▶ What to produce:
Return the full listing character for character, without its pictures.

▶ Data:

###

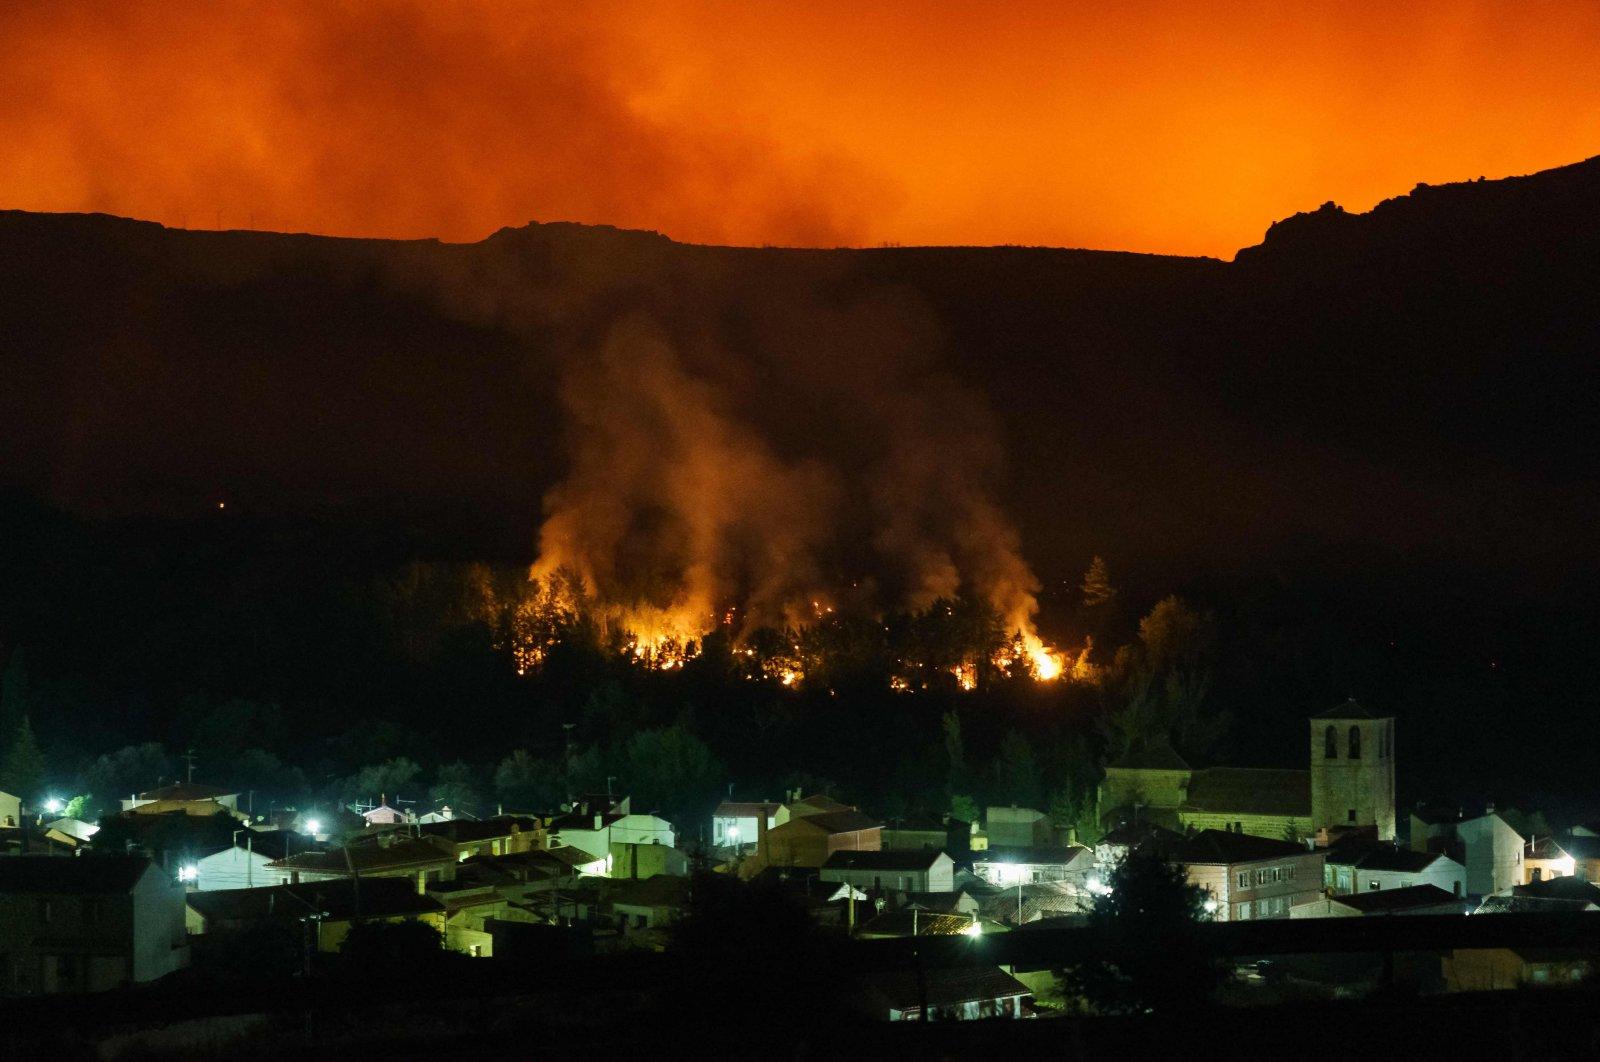 A wildfire advances toward Sotalbo near Avila, central Spain, Aug. 16, 2021. (AFP Photo)
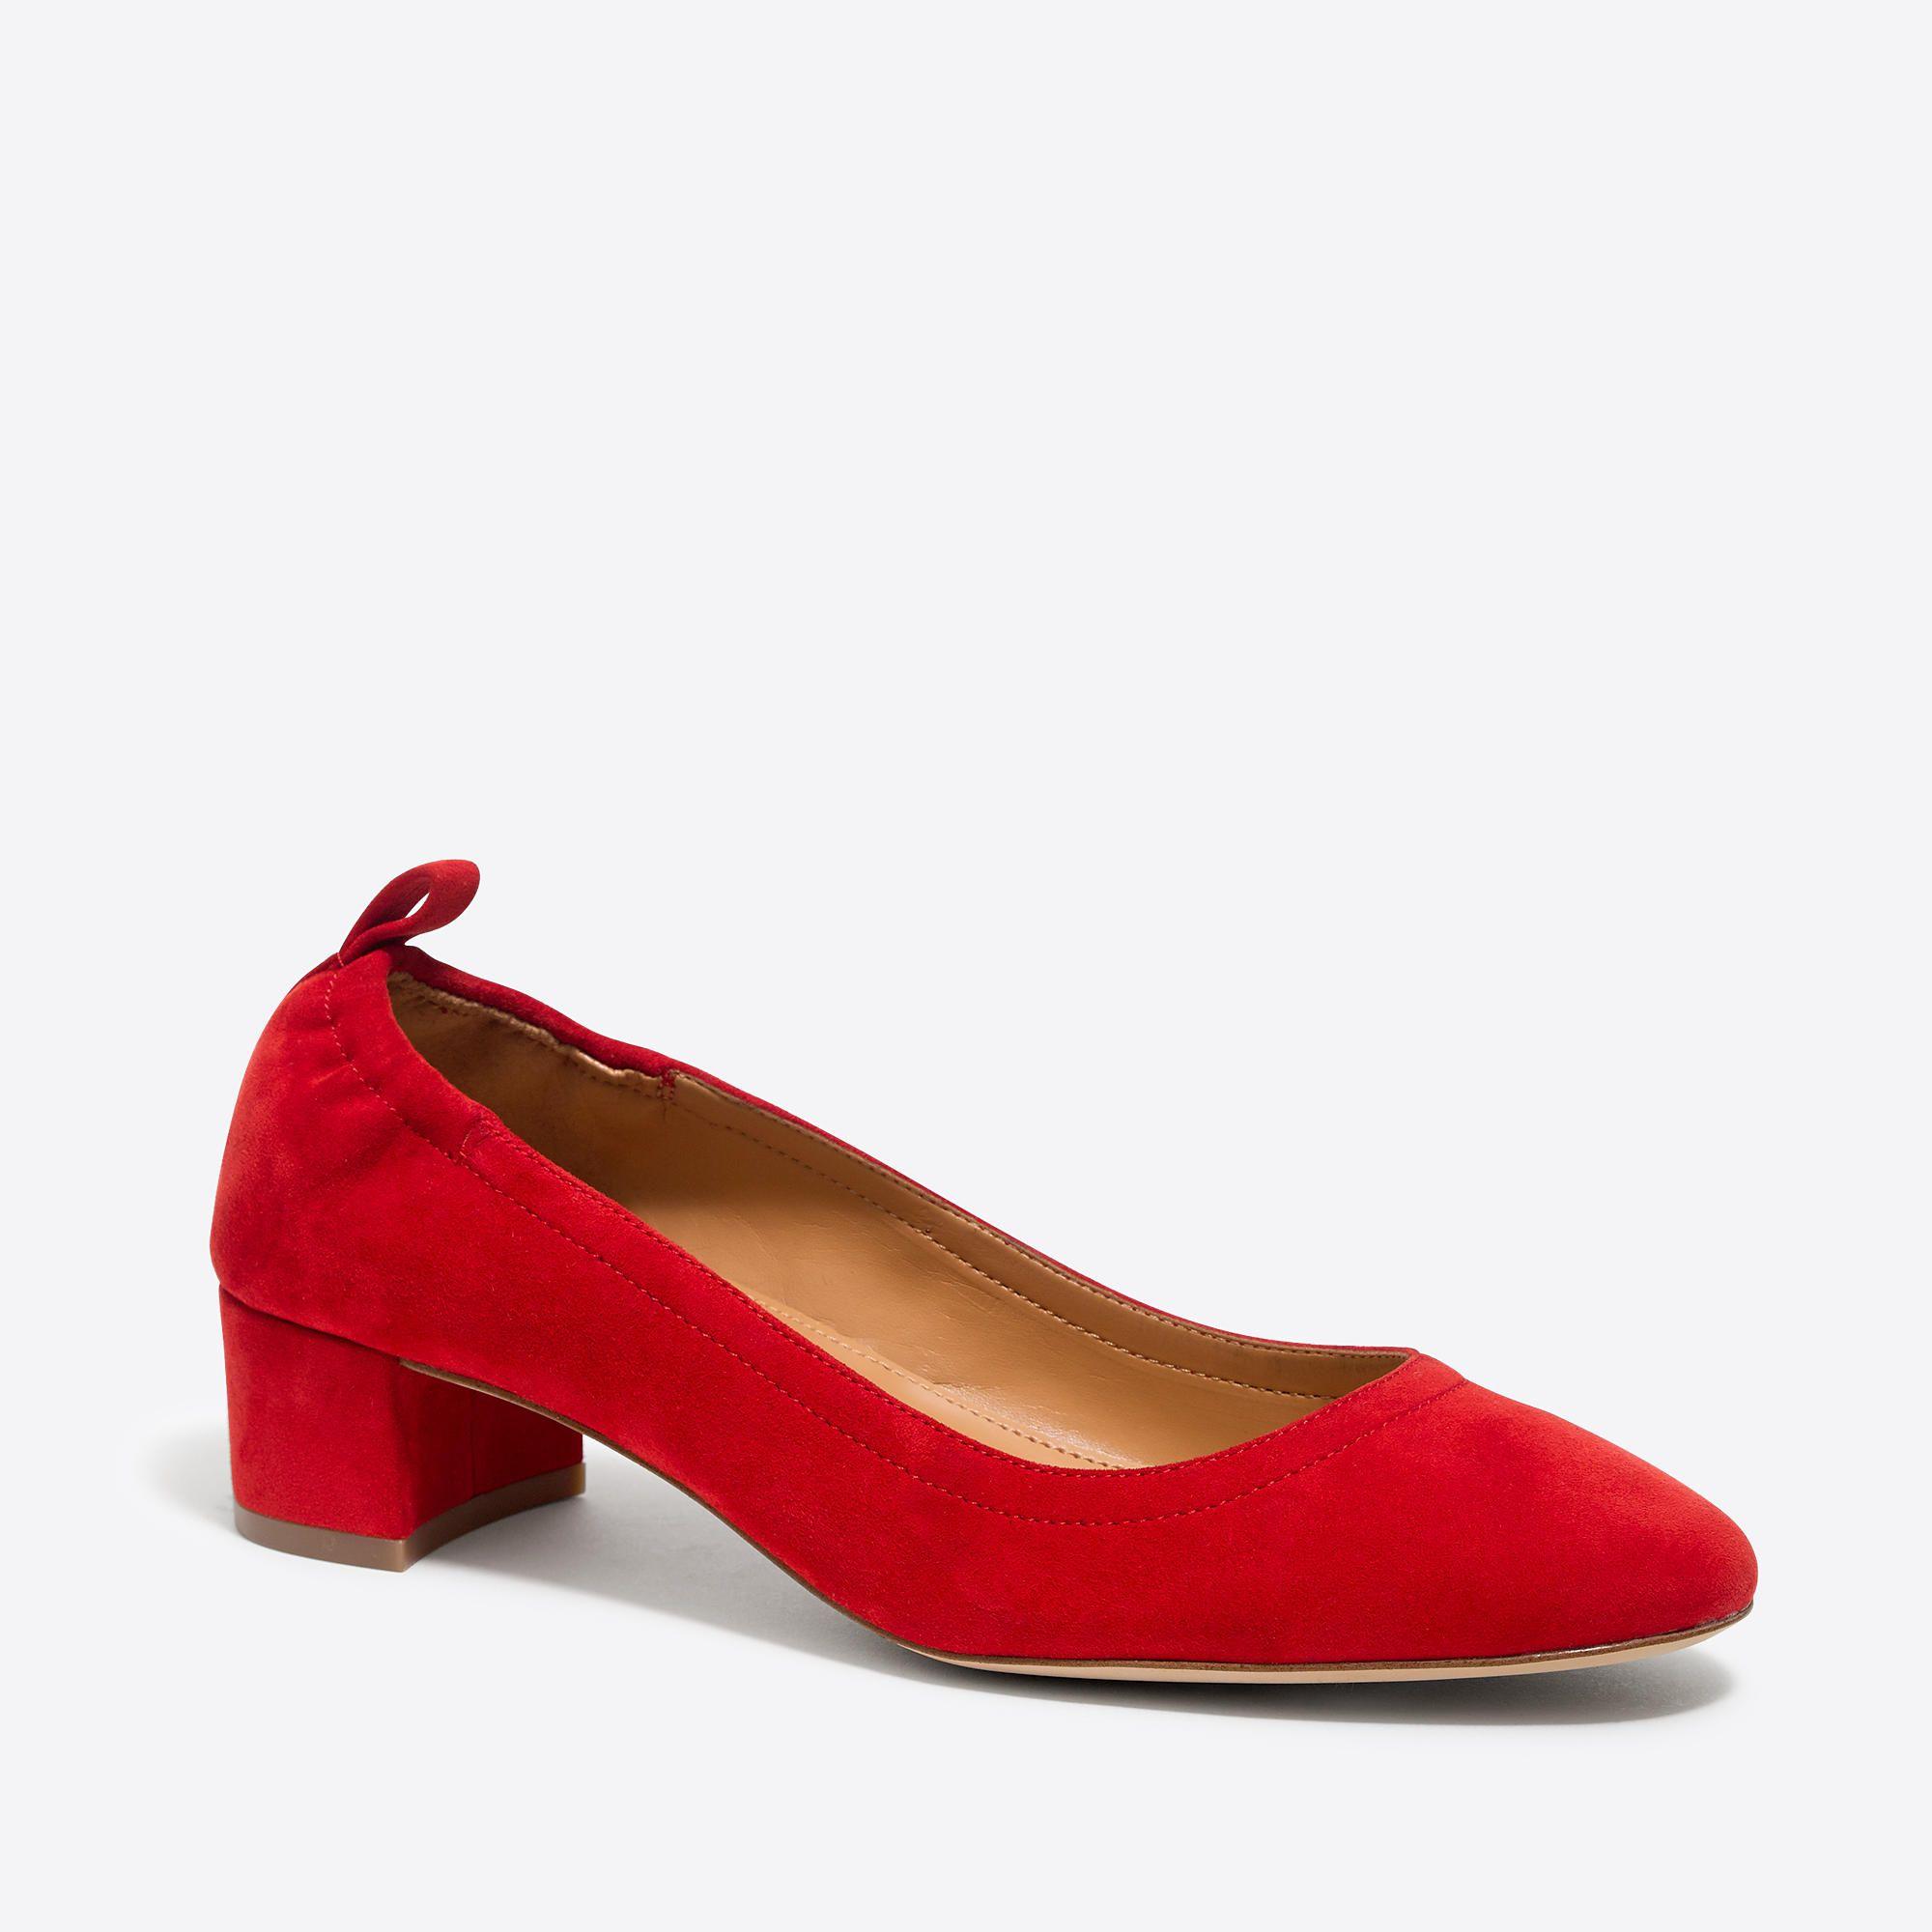 acfaa4d60d3 Anya suede block heels   FactoryWomen Occasion
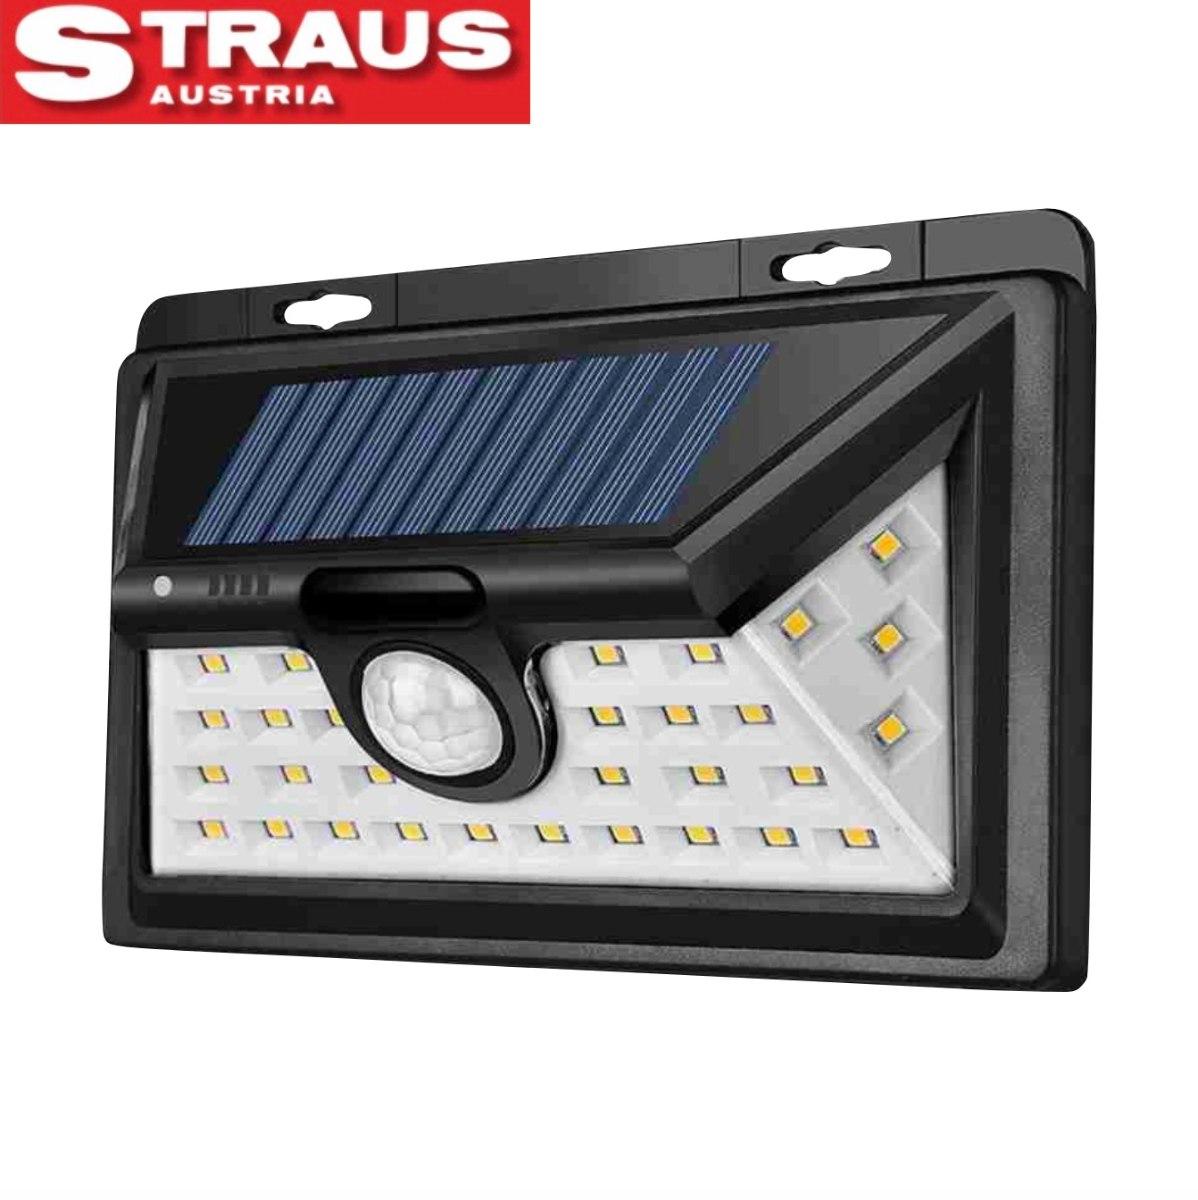 Straus גלאי תנועה סולארי רפלקטור LED 34 LED

###

▶ Completed exercise:
 A wildfire advances toward Sotalbo near Avila, central Spain, Aug. 16, 2021. (AFP Photo)
 acfaa4d60d3 Anya suede block heels   FactoryWomen Occasion
 Straus גלאי תנועה סולארי רפלקטור LED 34 LED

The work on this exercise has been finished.